***** Data shown *****

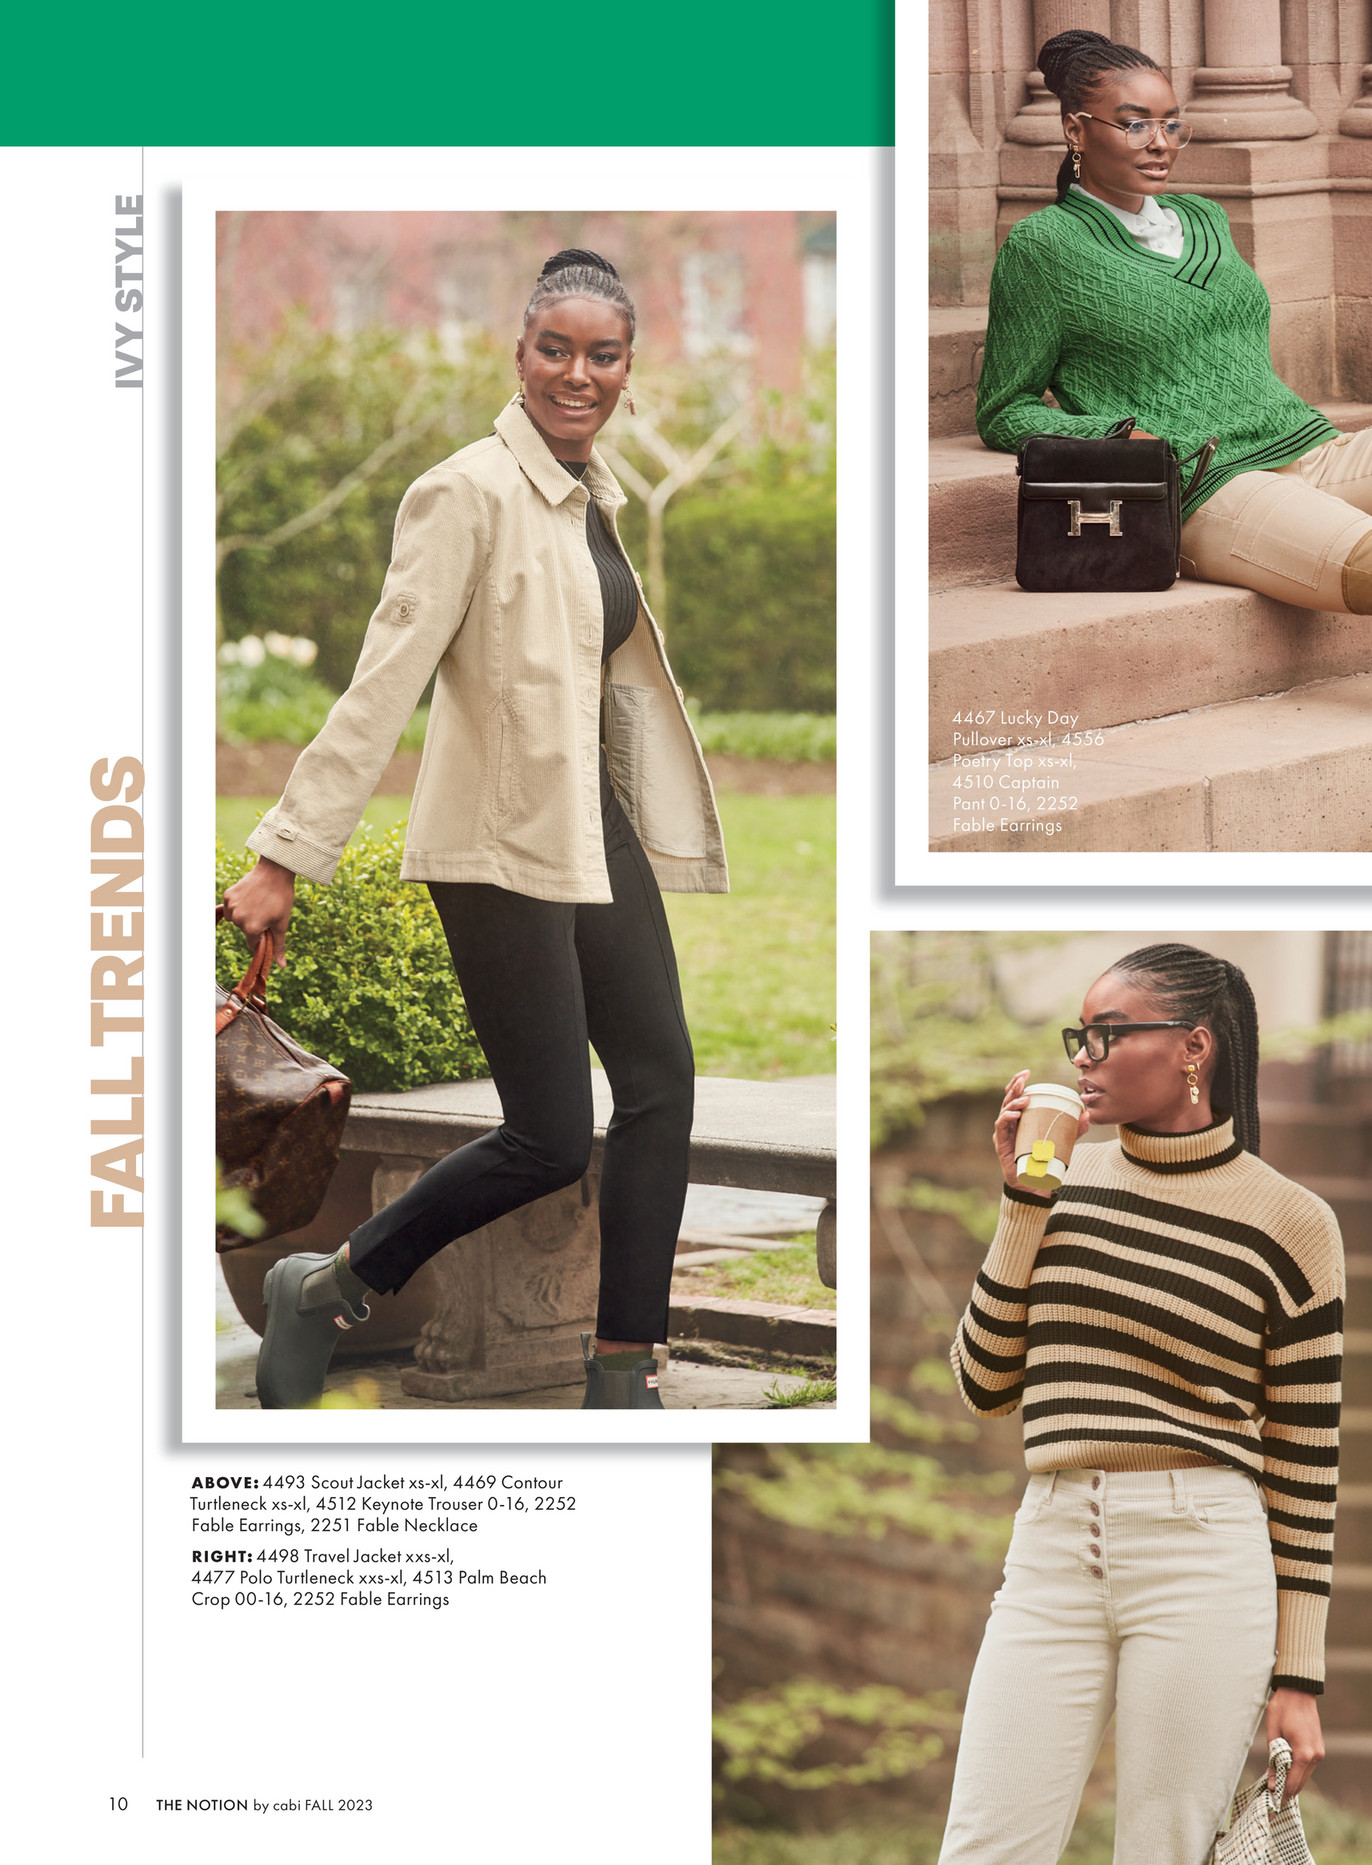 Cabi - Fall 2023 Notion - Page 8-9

*****
***** Data shown *****

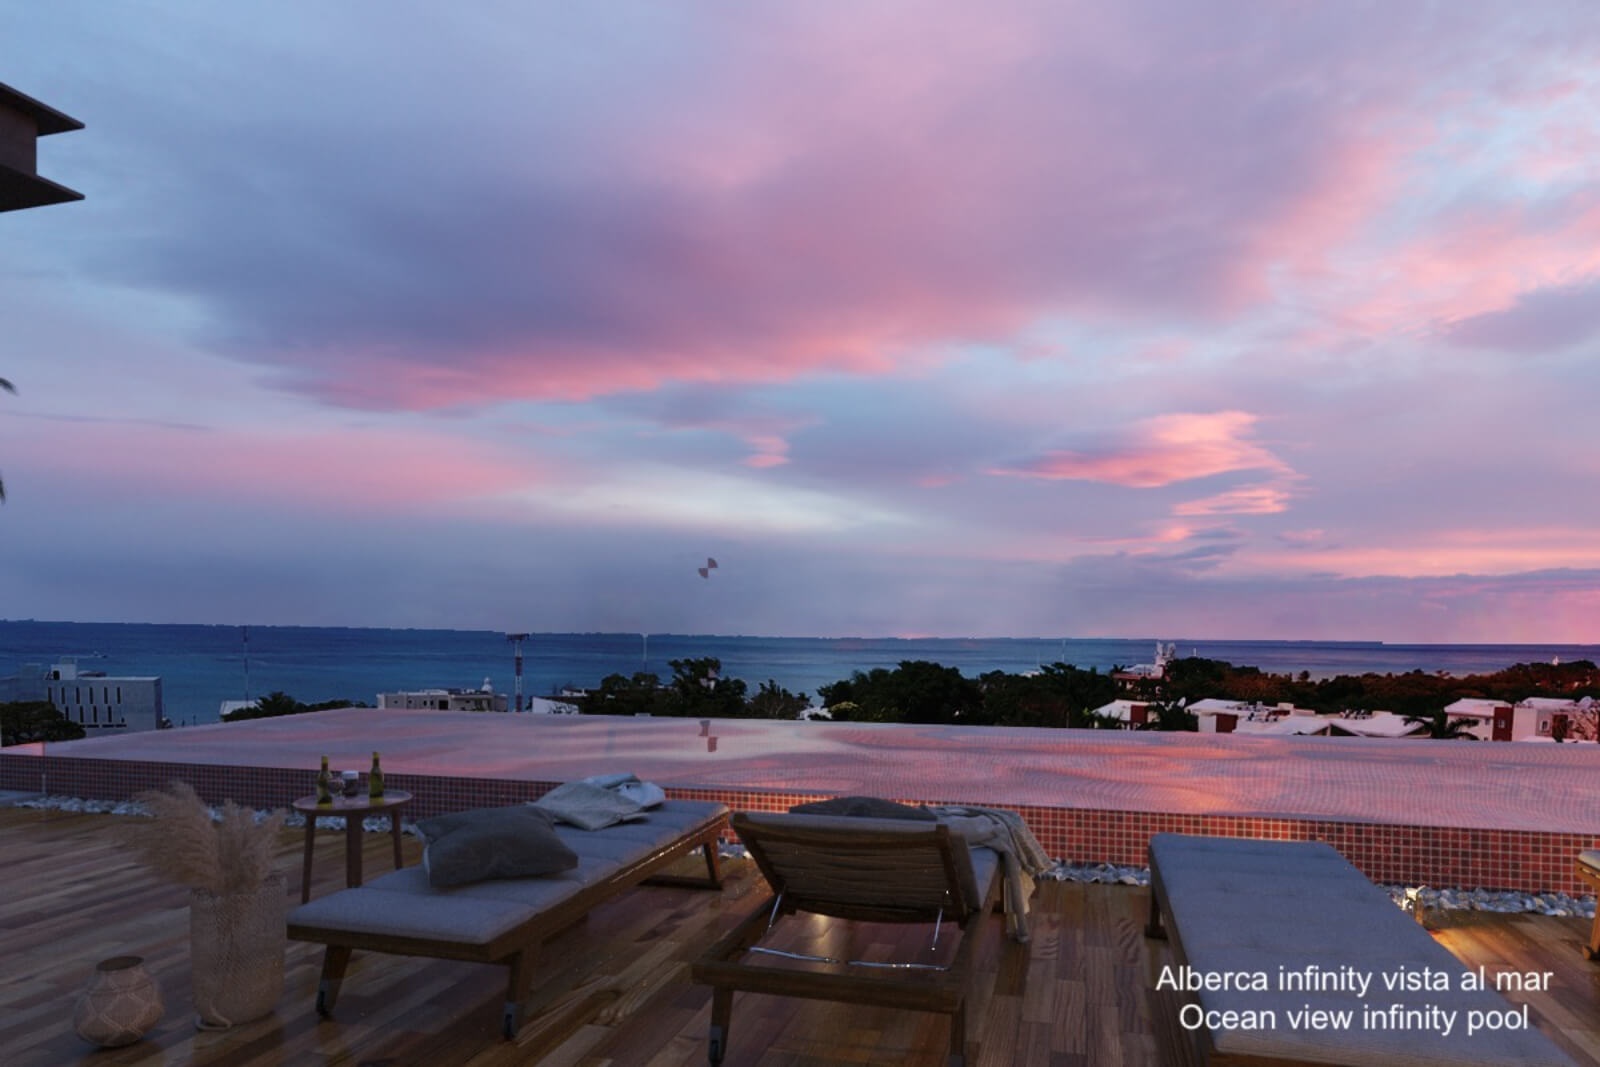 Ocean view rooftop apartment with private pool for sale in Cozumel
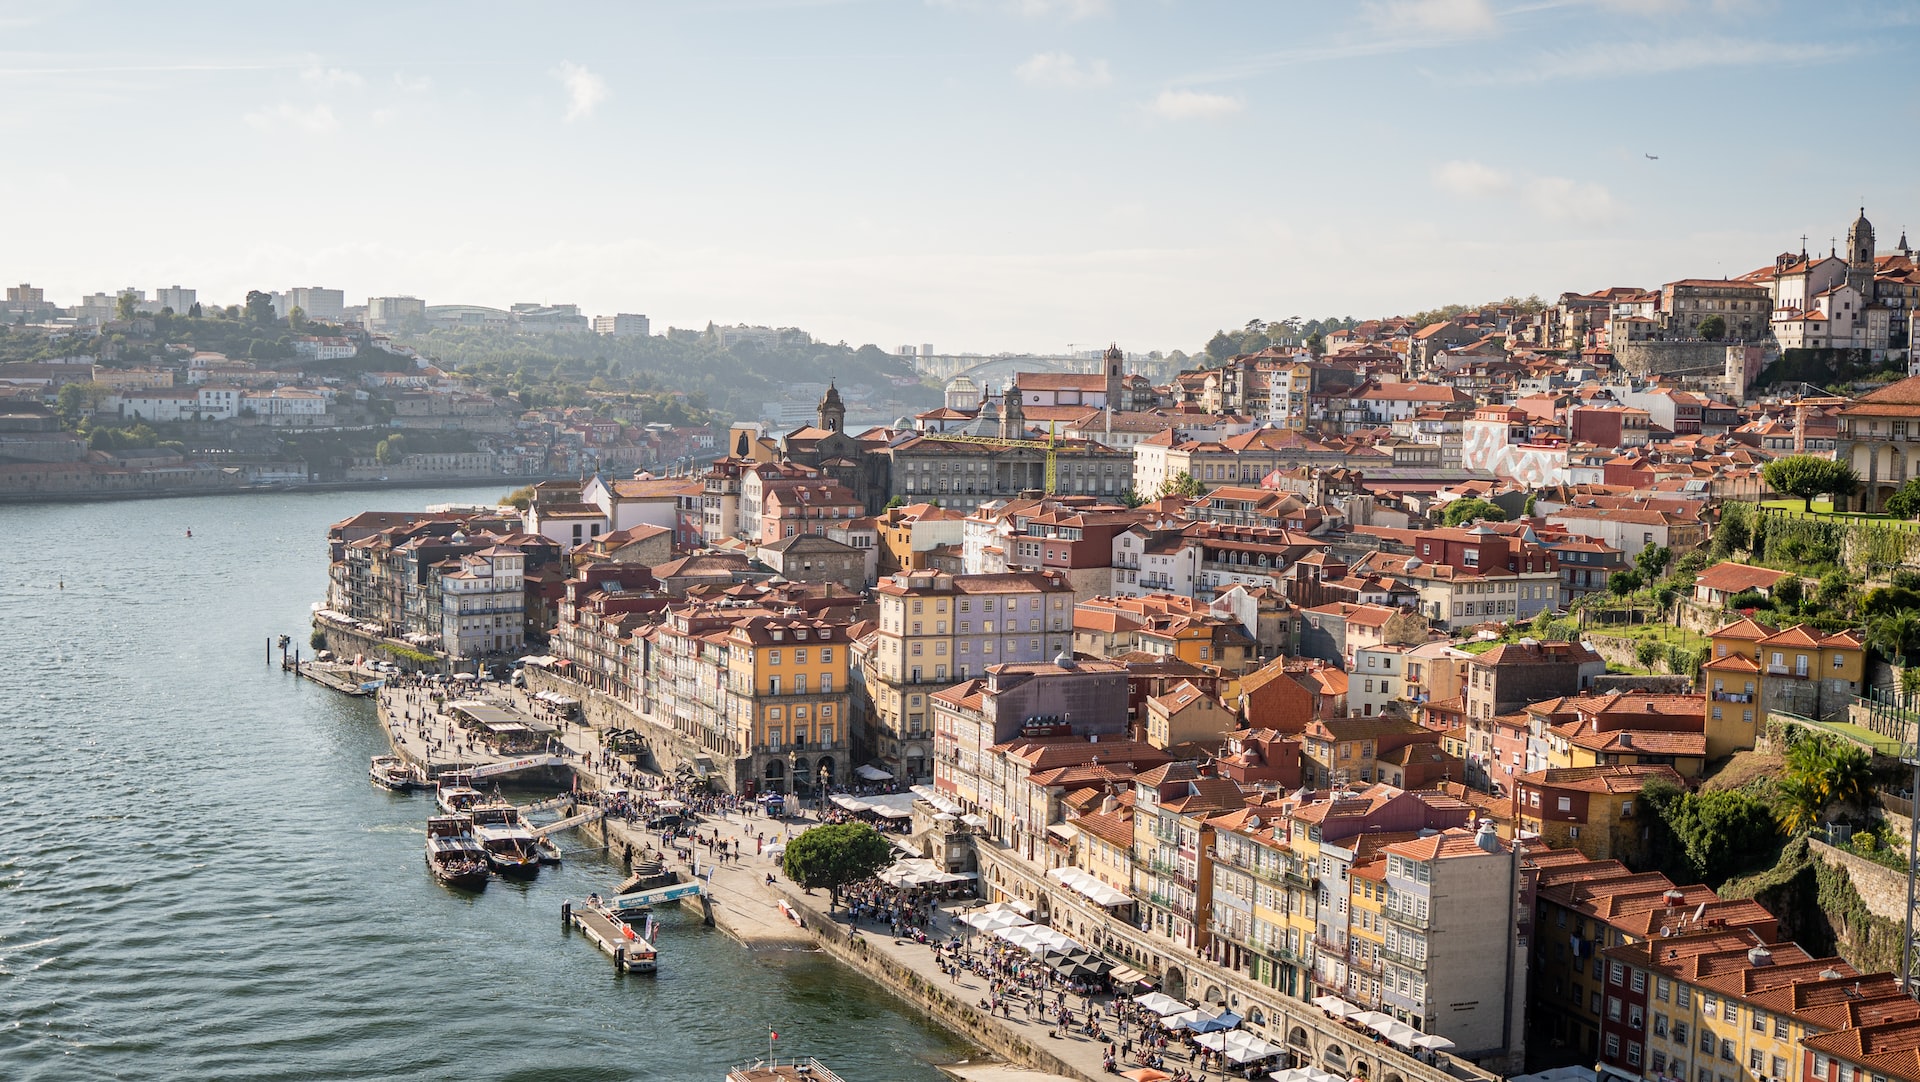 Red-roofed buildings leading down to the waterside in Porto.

*****

- **What is required**
Copy the lines above exactly, starting with the line that contains "Ocean view rooftop" and ending with the line that contains "Red-roofed buildings leading", and leave out any pictures.

- **Response below**
 Ocean view rooftop apartment with private pool for sale in Cozumel
 Red-roofed buildings leading down to the waterside in Porto.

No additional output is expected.